What is IBM Watson® Knowledge Catalog?
Watson Knowledge Catalog is a cloud-based enterprise metadata repository that lets you catalog your knowledge and analytics assets, including machine learning models and structured and unstructured data wherever they reside, so that they can be easily accessed and used to fuel data science and all forms of AI.
For selected source types, Knowledge Catalog can automatically discover and register data assets at the provided connection. As assets are added to the catalog, they are automatically indexed and classified, making it easy for users such as data engineers, data scientists, data stewards and business analysts to find, understand, share and use the assets. AI-powered search & recommendations guide users to the most relevant assets in the catalog based on understanding of relationships between assets, how those assets are used, and social connections between users.
Knowledge Catalog also provides an intelligent and robust governance framework that lets you define and enforce data and access policies to ensure that the right data go to the right people.
Through Knowledge Catalog's business glossary, users can create a common business vocabulary and associate them to your assets, policies and rules, providing the bridge between the business domain and your technical assets.
Do I need to move my data into Watson Knowledge Catalog?
No, you can keep your data in their existing repositories. Knowledge Catalog stores the metadata of your assets.
What data sources and asset types are supported?
We provide over 30 connectors to cloud or on premises data source types that will allow you to connect to your remote data assets. For example, we provide connectors to IBM Db2 in the cloud or on premises, Cloudant, Cloud Object Storage, Oracle, Microsoft SQL Server, Microsoft Azure, Amazon S3, Salesforce.com, Hortonworks HDFS, Sybase and many more.
In addition to assets from remote data sources, Knowledge Catalog supports other asset types such as structured data (row/column), semi-structured, and unstructured data.
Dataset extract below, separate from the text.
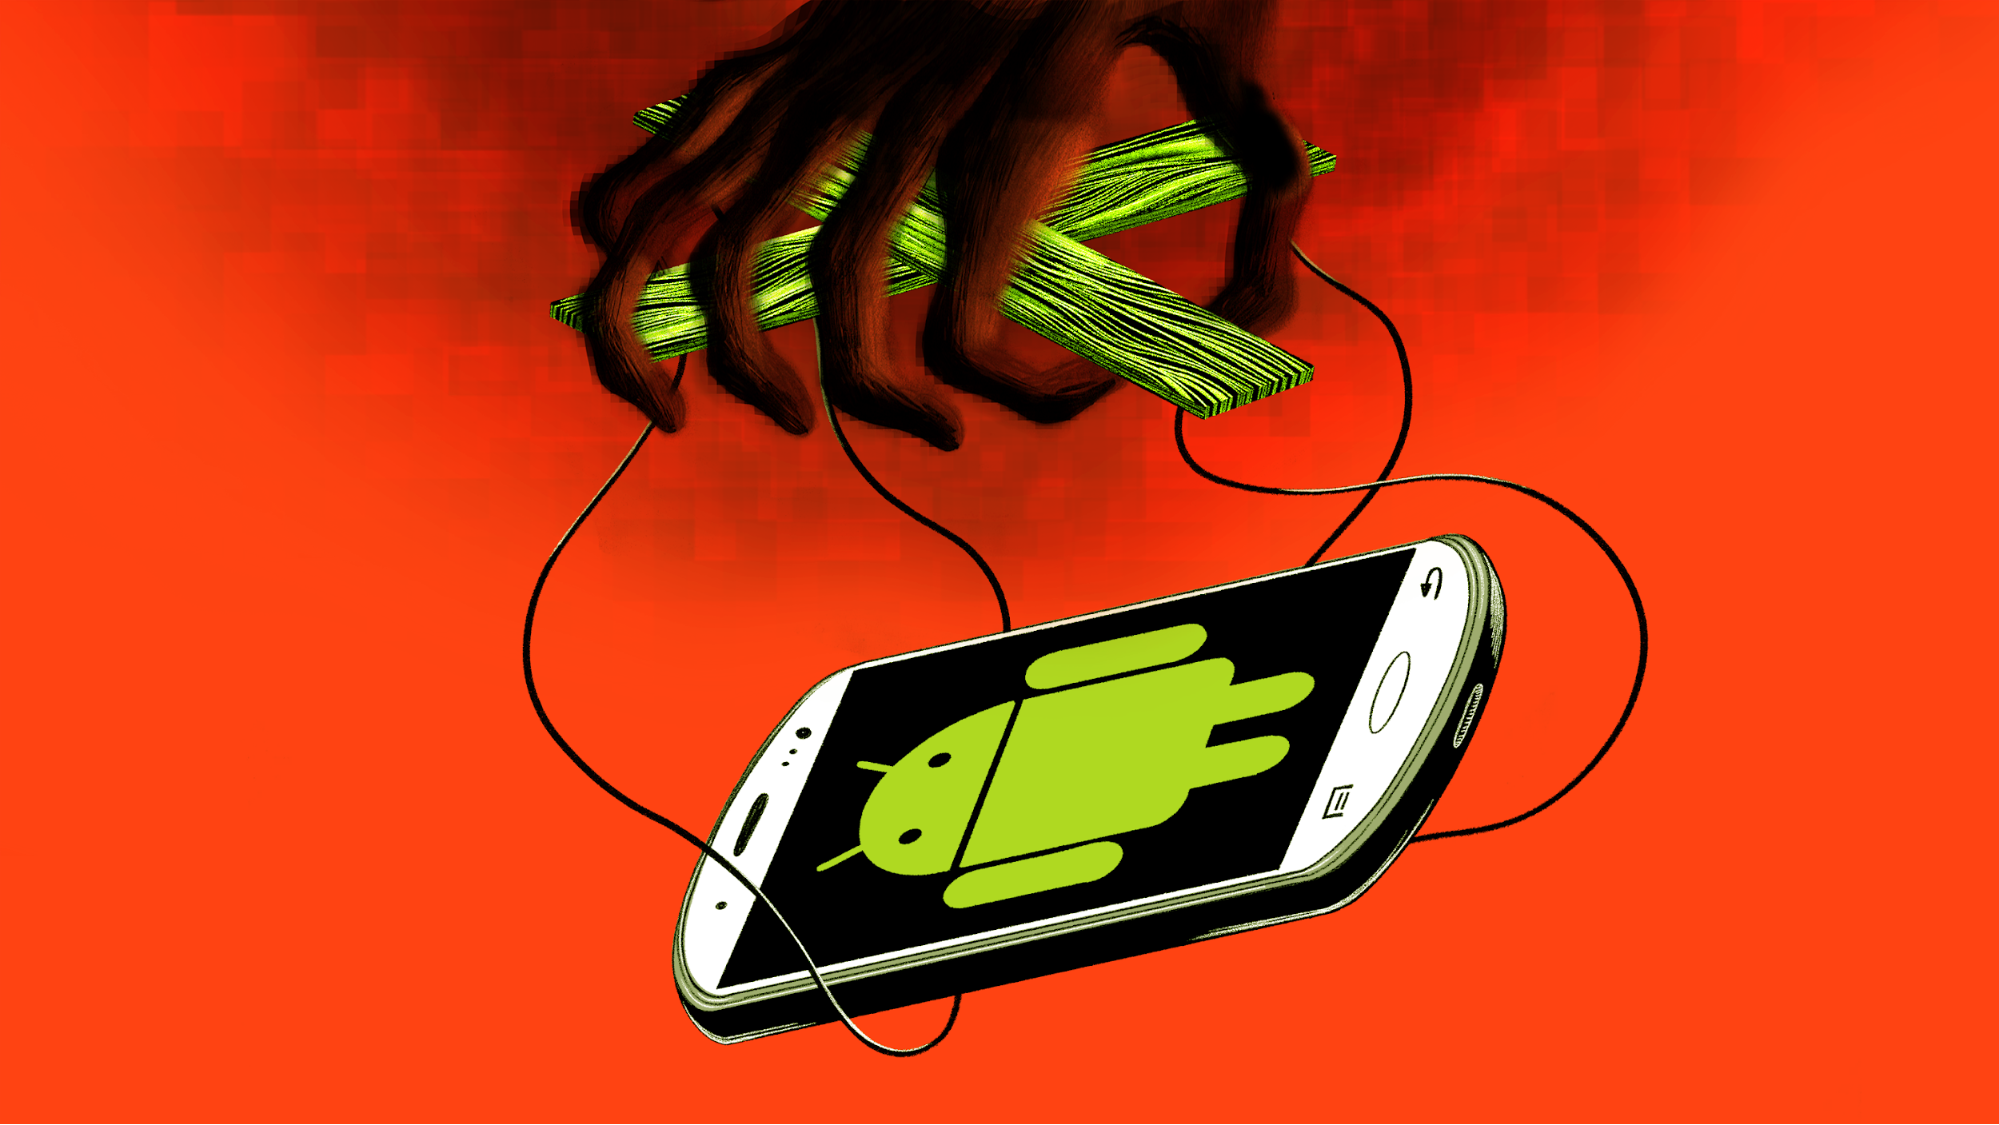 Как удалить вирус с андроида (android) на телефоне: инструкция 2019 года

For example, you can add csv, Excel, pdf, text, Microsoft Word, ipynb, image, html files etc to the catalog to profile and share with other users.
What is the maximum number of assets I can have in Watson Knowledge Catalog?
With the Professional plan, there is no limit in the number of assets you can have in Knowledge Catalog. With the Lite and Standard plans, the limits are 50 and 500 assets, respectively.
Does Watson Knowledge Catalog provide governance services?
Knowledge Catalog includes an automated policy enforcement engine that will determine outcomes based upon the policies and the action taken place. Knowledge Catalog provides the ability to set up your governance policies within the system so that you can restrict access to data or transform the data by masking sensitive content.
Does Watson Knowledge Catalog provide profiling and classification services?
Knowledge Catalog automatically classifies your data assets when they are added to the catalog. Out of the box, it provides over 160 classifiers including names, emails, postal addresses, credit card numbers, driver's licenses, government identification numbers, date of birth, demographic information, DUNS number and more. It can also profile unstructured assets and extract meta-data from content such as concepts, entities, keywords, sentiment and emotion.
Are there data preparation capabilities in Watson Knowledge Catalog?
Yes, data preparation capabilities are available through Data Refinery, which is part of Watson Knowledge Catalog. Data Refinery provides a rich set of capabilities that not only allow you to discover, cleanse, and transform your data with built-in operations, but it also comes with powerful profiling and visualization tools such as charts, graphs and stats to help you interact with and understand your data. Data access and transform policies defined in Knowledge Catalog are also enforced in Data Refinery to ensure that sensitive data that originated from governed catalogs remain protected.
What are Capacity Unit-Hours?
Data Refinery Flow, Profiling and Sampling jobs are charged for the number of whole or partial hours they run multiplied by the number of Capacity Units required per hour for each capacity type. At the moment, we only support one capacity type in Watson Knowledge Catalog which requires 6 Capacity Units per hours. A minimum charge of 0.96 Capacity Unit-Hours will apply for each job execution. A set number of free Capacity Unit-Hours are included in each plan for the month. For Professional plan, charges will apply once the plan limit is reached for that month. For Lite plan, once the plan limit for that month is reached, a data flow or profiling job cannot be run until the next month or when the plan is upgraded to the Professional plan.
1) A Data Refinery Flow job runs for 30 minutes
0.5 hours * 6 Capacity Units Required Per Hour * 0.5 USD per Capacity Unit-Hour = $1.50
2) A Profiling job runs for 9 minutes (profiling jobs can be automatically or manually triggered)
The minimum charge applies in this scenario:
0.16 hours * 6 Capacity Units Required Per Hour * 0.5 USD per Capacity Unit-Hour = $0.48
3) A Data Refinery Flow job runs for 12 hours
12 hours * 6 Capacity Units Required Per Hour * 0.5 USD per Capacity Unit-Hour = $36
Watson Knowledge Catalog is generally available.